_Your instructions_
Write down exactly the lines from the one below that has "Seal Kit 100" to the end of the data, both ends included; the pictures should not appear in your copy.

_Available data_

------------------------------------------------------------------------

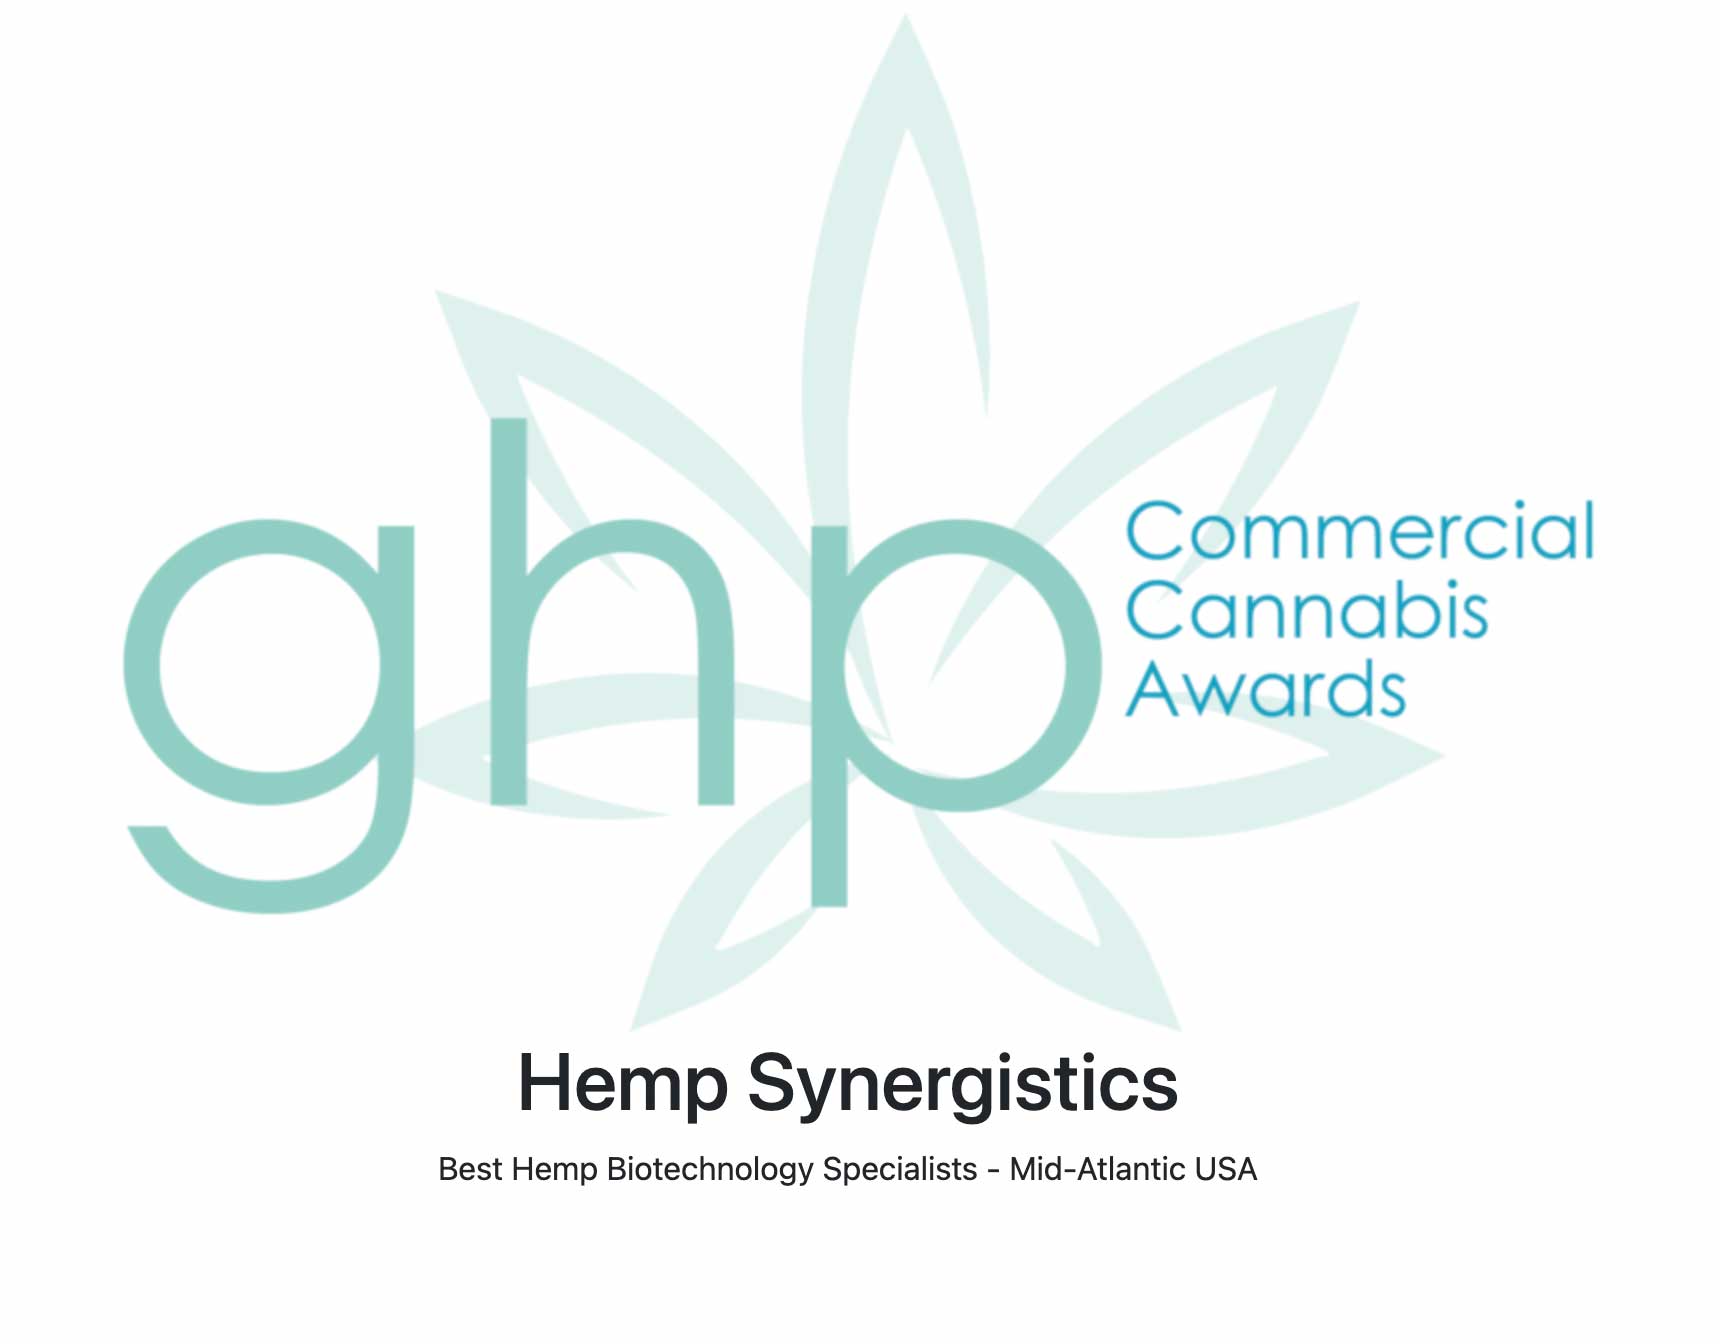 Hemp Synergistics Wins Award for Excellence in Cannabinoid Manufacturing
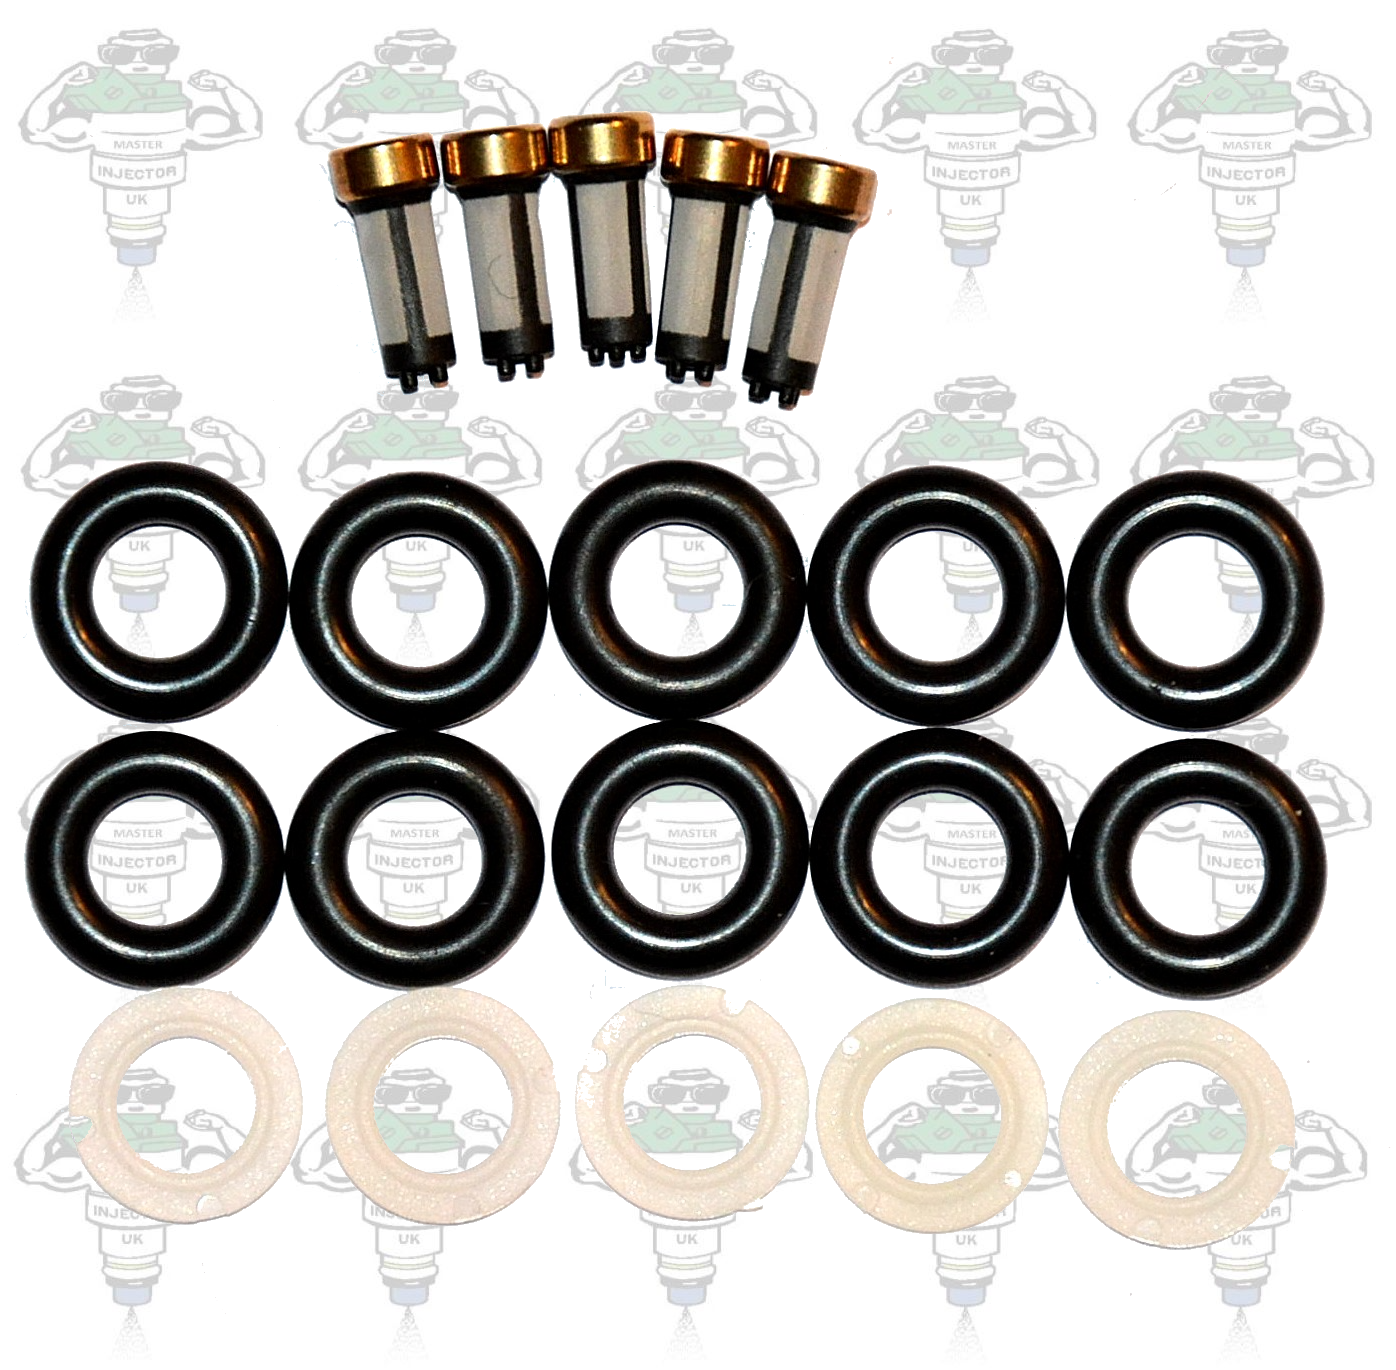 Seal Kit 100 for 5 Cylinder Volvo Compatible With Bosch 0280155 0280156
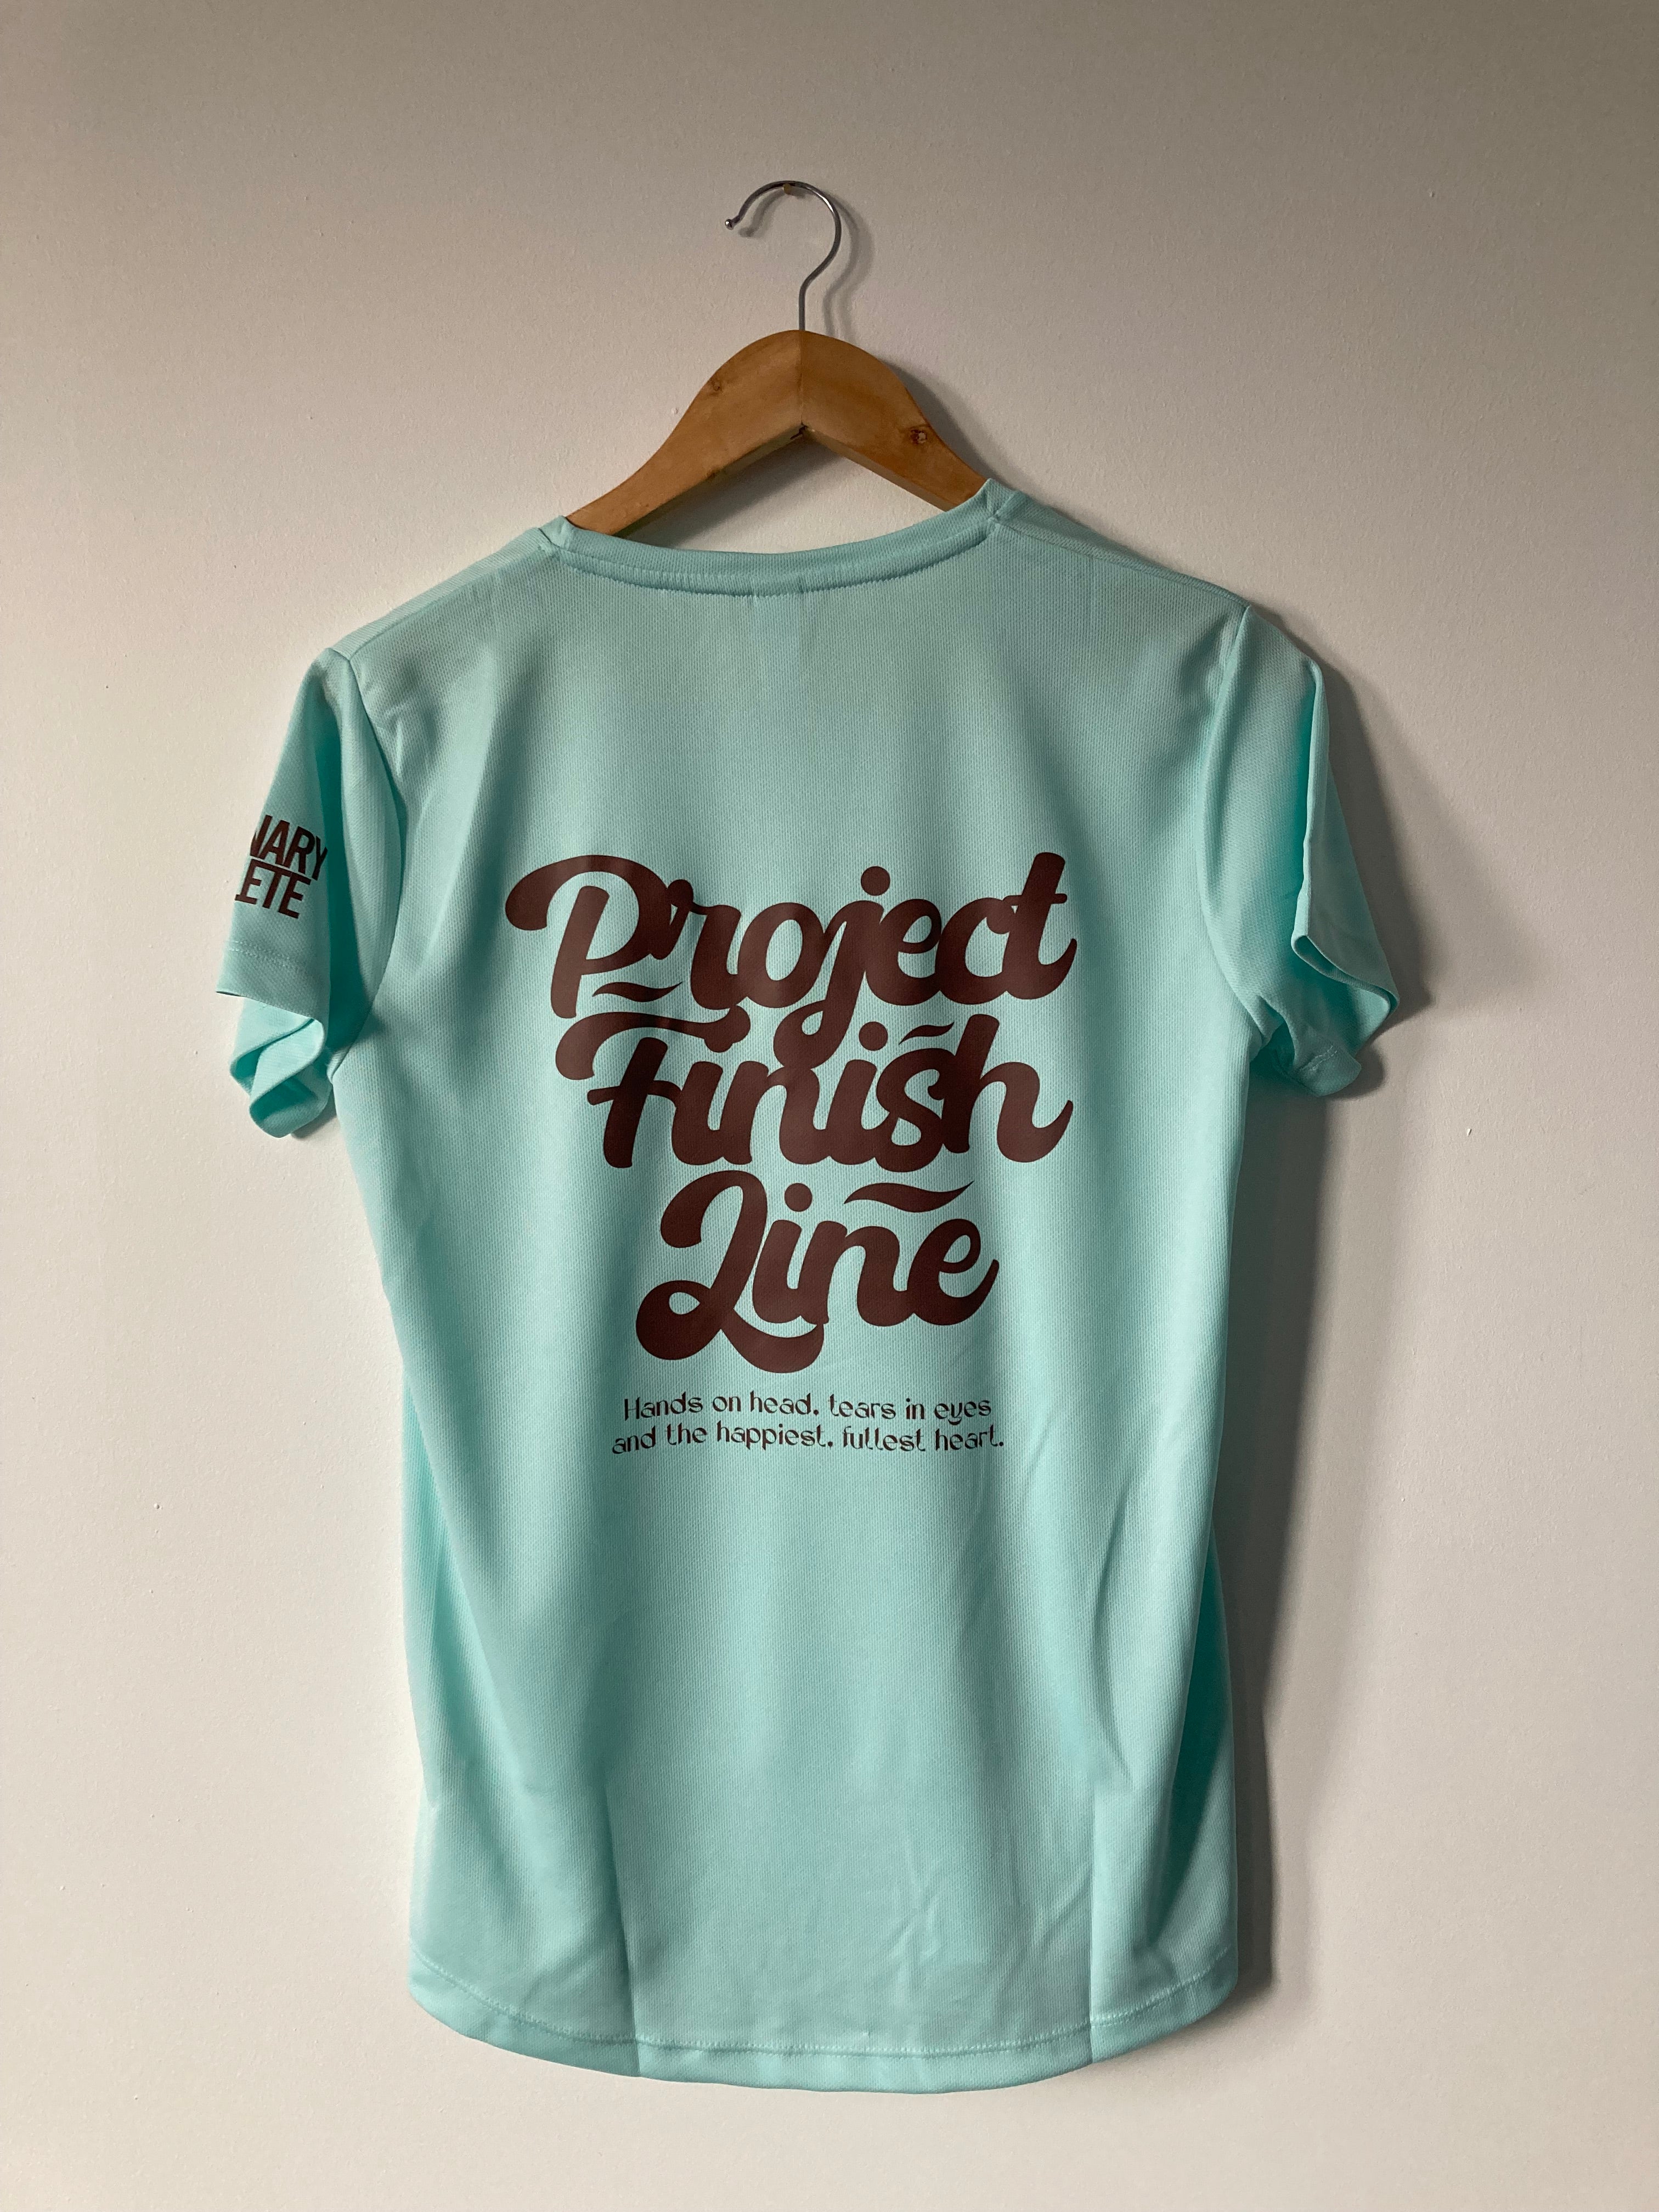 NEW! OA ‘Project Finish Line’  Tee

------------------------------------------------------------------------

_Task result_
 Seal Kit 100 for 5 Cylinder Volvo Compatible With Bosch 0280155 0280156
 NEW! OA ‘Project Finish Line’  Tee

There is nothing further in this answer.